The following article was published
in the Observer
Posted on July 25, 2004
'Dreamliner' has yet to
convince skeptics it is safe
Is the world ready for jets that pop freshly baked out of an oven?
The pros and cons of Boeing's plastic Dreamliner project
If Boeing's plans for the 7E7 Dreamliner come true, air travel will
become cleaner for the environment, quieter for those living near
airports and more pleasant for passengers.
The US aircraft maker says all of these things will flow from the
unprecedented use of advanced weight-saving composites and plastics
in the 7E7 series of 200-300 passenger jets it will be producing
from late 2008.
Advanced composites are being hailed by Boeing as the "new steel"
of the 21st century.
They comprise thin yet incredibly strong sheets of carbon fibers
and other non-metallic materials glued together with epoxy resins
and baked in giant ovens or autoclaves.
The US-based plane maker says it aims to cut final assembly-time
of the jets, using large, seamless, rivet free molded parts, from
more than four weeks for metal airliners down to three days.
Although composite parts were first used by Airbus 20 years ago,
they have never been used as extensively as in the new Boeings,
with most of the fuselage, wings and tail made of the miracle materials.
But the design of the 7E7 series -- and the 62 early orders placed
by All Nippon Airways, Air New Zealand, First Choice (UK) and Blue
Panorama of Italy -- are "provisional" meaning as yet incomplete.
Many questions remain unanswered should one of them crash and burn.

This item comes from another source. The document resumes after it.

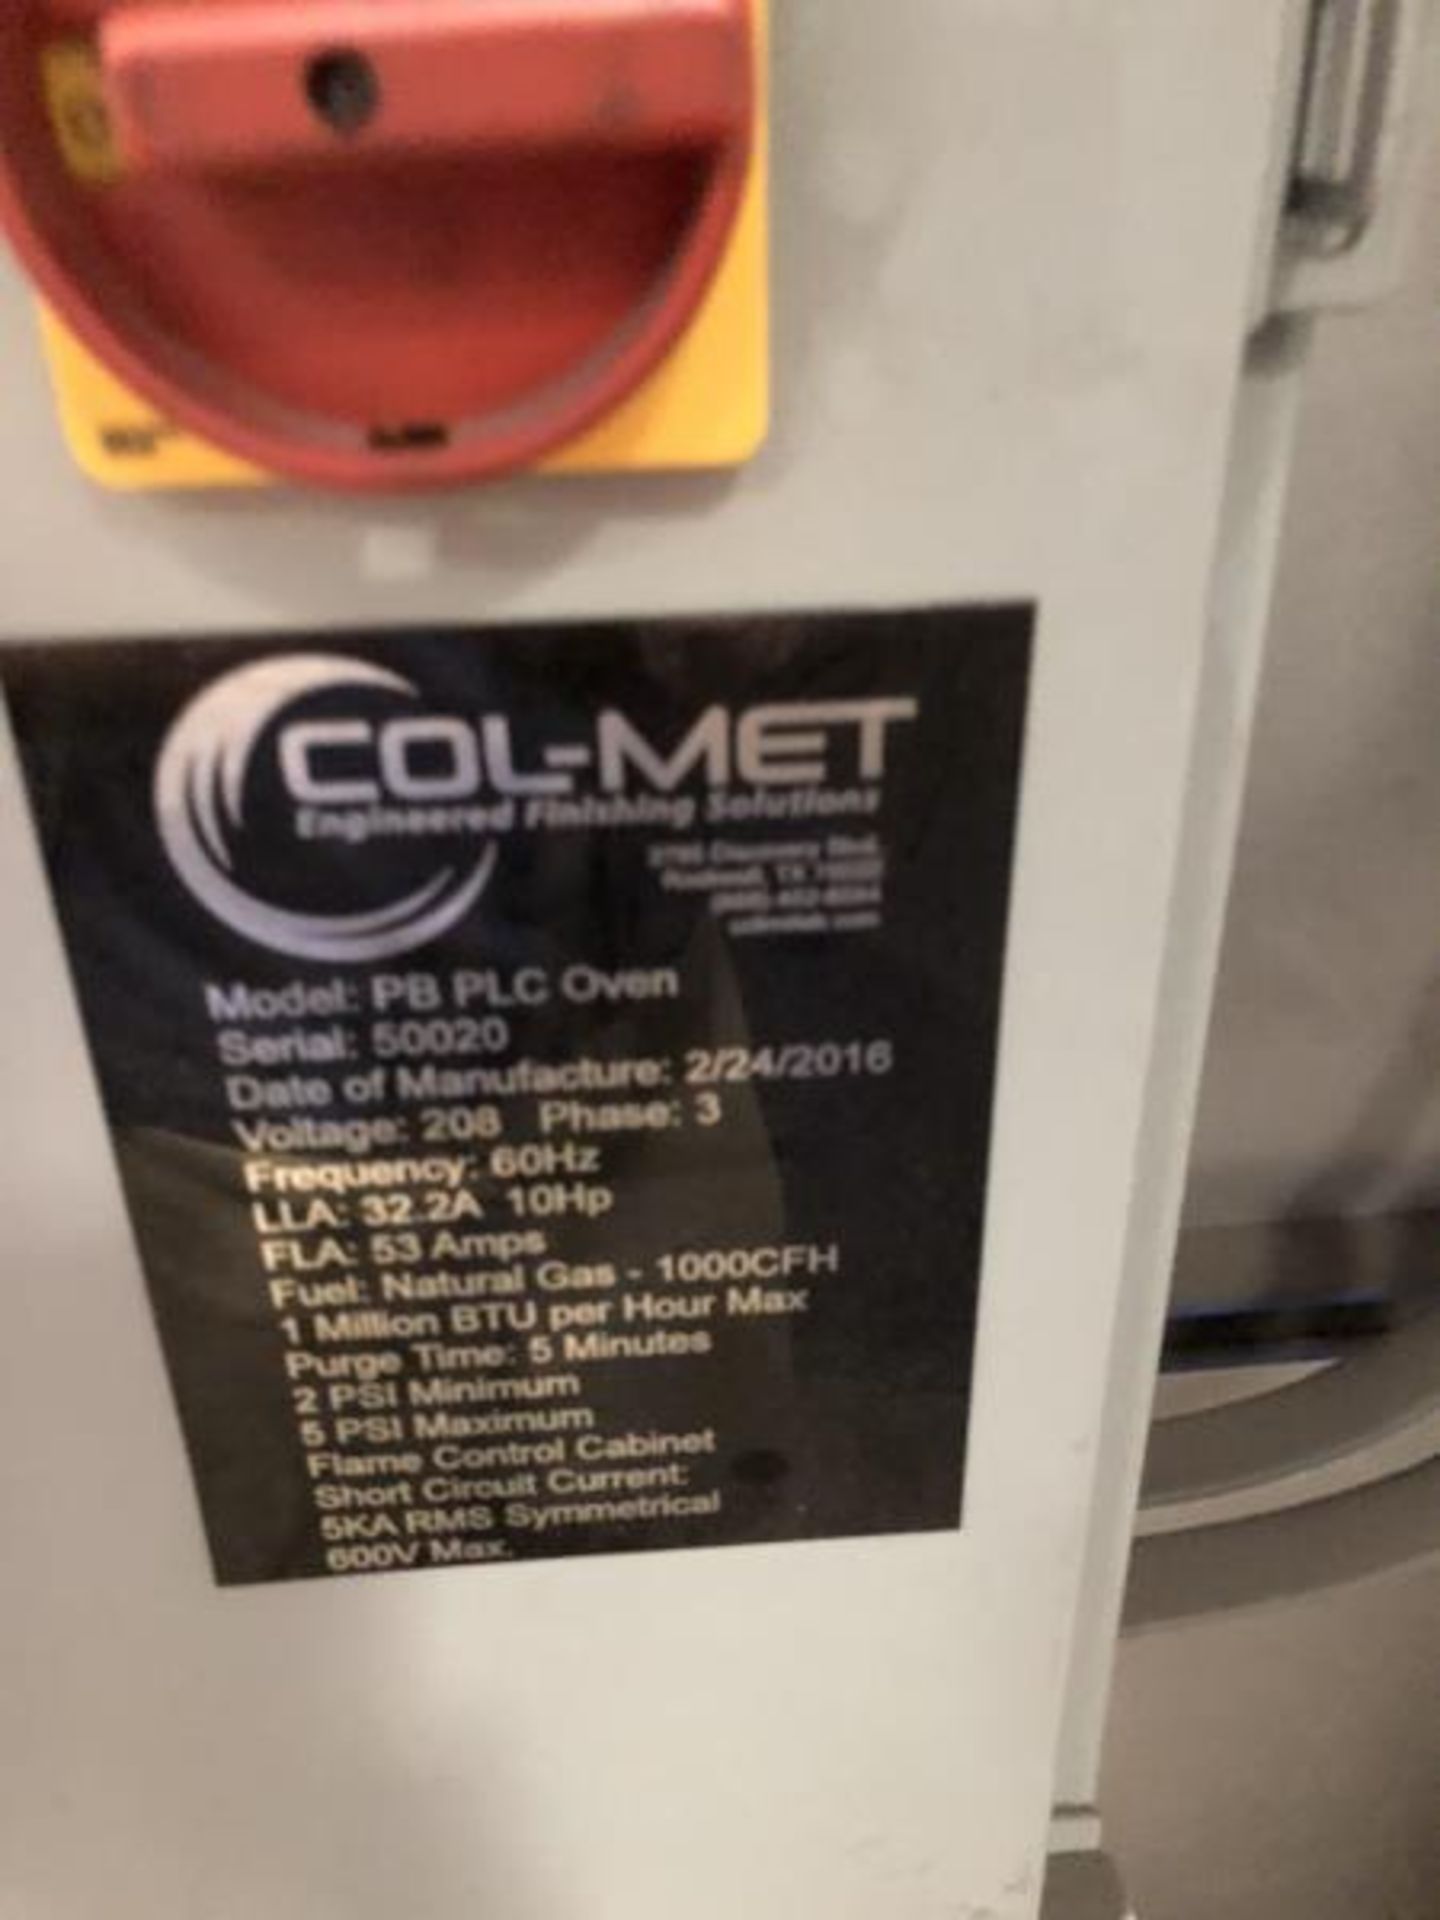 Colmet Oven, made 2/24/2016, M: 212412016, 208 Volts, 3 Phase, LLA: 32.2A/10 HP, FLA: 53AMPS, Fuel - Image 16 of 20

Australia's National Airports Emergency Planning Committee has spent
several years working on new procedures for composite aircraft accidents
for Airservices Australia, which runs the country's major accident
response units as well as its air traffic control system.
The issue for Airservices Australia was the habit of military high-composite
aircrafts such as the B-2 stealth bomber or the Black Hawk helicopter
to turn into toxic smoke instead of a heap of metal when they crash
Also, if broken but not burning, advanced composite materials may
shatter into potentially lethal contaminants and clouds of light
but exceptionally sharp long glassy needles.
Because some of Australia's major airports are shared by both its
own air force as well as those of visiting allies, the emergency
planning committee began reviewing procedures for such accidents
well before Boeing announced the Dreamliner project early last year.
Although according to Airservices Australia, there was never any
suggestion that the new Boeings -- or even the giant Airbus A380,
which is 23 percent composite in structure -- would be banned, spokesman
Richard Dudley said: "We were just determined to understand what
different issues might arise in an accident, and do the planning
well in advance."
The concerns of the closed sessions of the planning committee in
the event of a crash were many, including whether a high proportion
of survivors and their rescue workers would die from the longer
term effects of inhaling toxic by-products and if there were any
proven procedures for effectively decontaminating people exposed
to the materials.
It seems there might not be definitive answers until after the jets
are in service, even if the worst fears of some experts prove unfounded.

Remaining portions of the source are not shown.